J’ai vu à Scholas des professeurs et des étudiants japonais danser avec des Colombiens. C’est impossible! Je l’ai vu. J’ai vu les jeunes d’Israël jouer avec ceux de Palestine. Je l’ai vu. Les étudiants de Haïti pensant avec ceux de Dubaï. Les enfants du Mozambique peignant avec ceux du Portugal … J’ai vu, entre l’Orient et l’Occident, un olivier créant une culture de la rencontre.
C’est pourquoi, dans cette nouvelle crise que l’humanité affronte aujourd’hui, où la culture a montré qu’elle a perdu sa vitalité, je veux célébrer [le fait] que Scholas, en tant que communauté qui éduque, en tant qu’intuition qui grandit, ouvre les portes de l’Université du Sens. Parce qu’éduquer, c’est chercher le sens des choses. C’est enseigner comment trouver le sens des choses.

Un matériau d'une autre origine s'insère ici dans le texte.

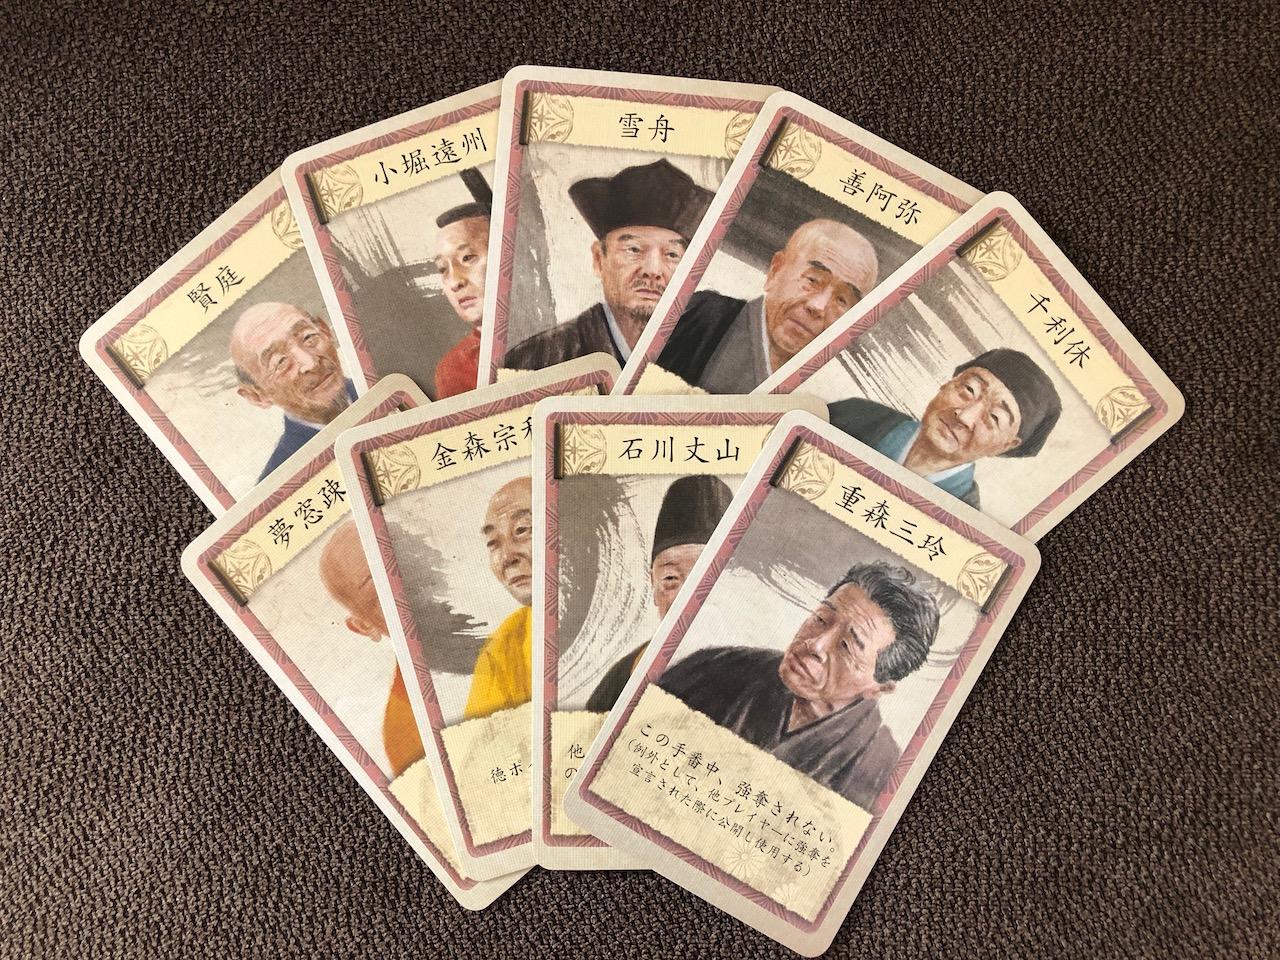 ボードゲーム「枯山水」の作庭家カード

En réunissant les rêves des enfants et des jeunes et l’expérience des adultes et des personnes âgées. Cette rencontre doit toujours avoir lieu sinon il n’y a pas d’humanité, car il n’y a pas de racines, il n’y a pas d’histoire, il n’y a pas de promesse, il n’y a pas de croissance, il n’y a pas de rêves, il n’y a pas de prophétie.
Etudiants de toutes les réalités, langues et croyances, pour que personne ne soit laissé de côté quand ce qui est enseigné ce n’est pas une chose, mais la Vie. La même vie qui nous a fait naître et donnera toujours naissance à d’autres mondes. Des mondes différents, uniques, comme celui que nous sommes aussi. Dans nos douleurs les plus profondes, nos joies, nos désirs et nos nostalgies. Mondes de Gratuité, de Sens et de Beauté. « L’Idiot », « l’Appel » du Caravage et le fou de « La strada ».

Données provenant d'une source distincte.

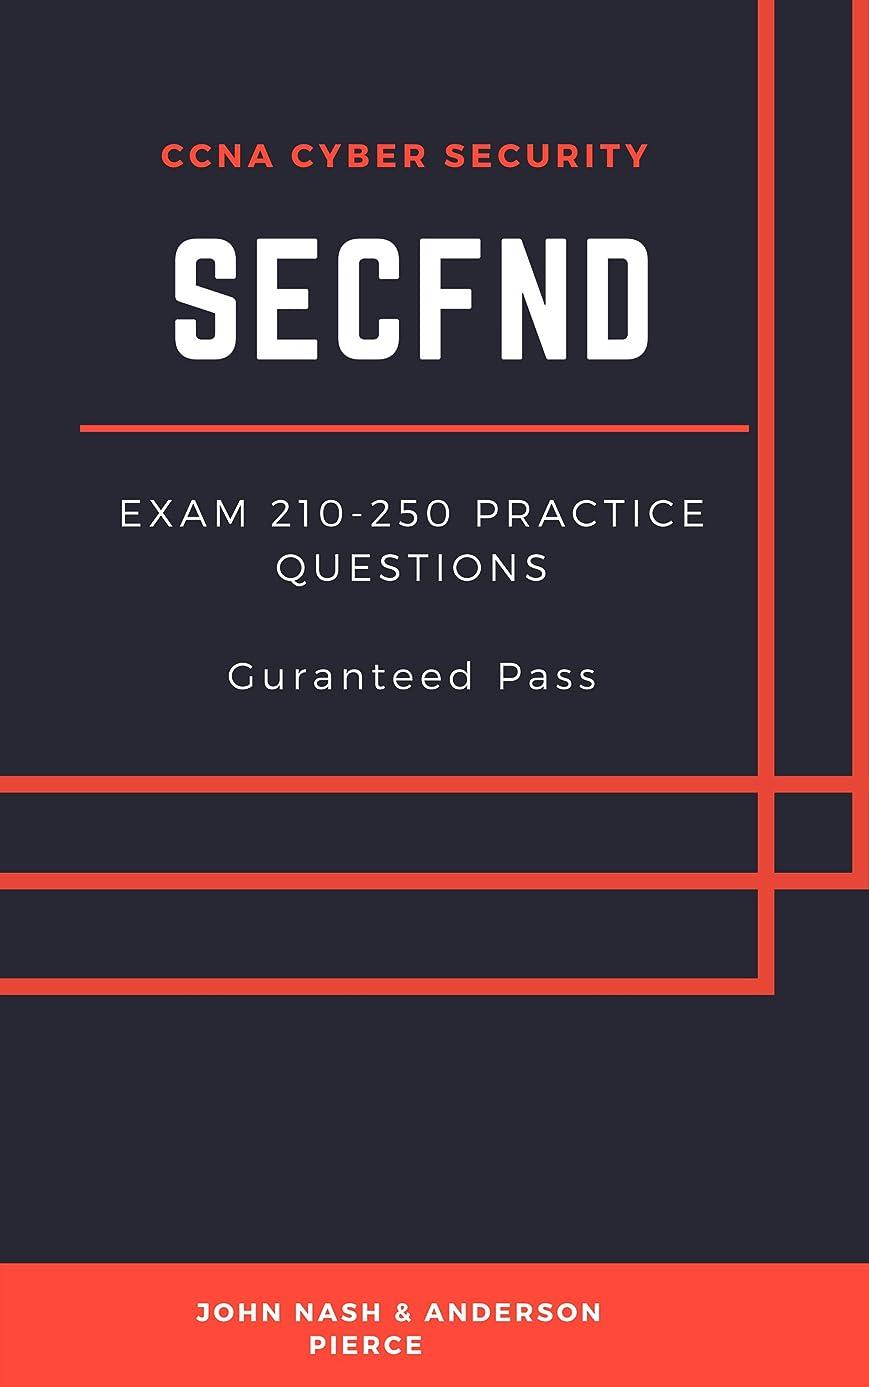 画面投資するスポーツマンCISCO SECFND Practice Questions: CCNA Cisco Cyber Security (English Edition)

N’oubliez jamais ces trois derniers mots: gratuité, sens et beauté. Ils peuvent sembler inutiles! Surtout de nos jours. Qui commence à faire une entreprise à la recherche de la gratuité, du sens et de la beauté? Elle ne produit pas, elle ne produit pas. Et pourtant, de cette chose qui semble inutile dépend l’humanité entière, l’avenir.
Continuez, prenez cette mystique qui a été donnée, que personne n’a inventée; et les premiers à être surpris furent ces deux fous qui la fondèrent. Et c’est pourquoi ils la remettent, ils la donnent, parce qu’elle ce n’est pas à eux. C’est quelque chose qui est venu en cadeau. Continuez à semer et à récolter, avec le sourire, avec le risque, mais tous ensemble et toujours main dans la main pour surmonter toute crise.
Que Dieu vous bénisse. Et n’oubliez pas de prier pour moi. Merci beaucoup.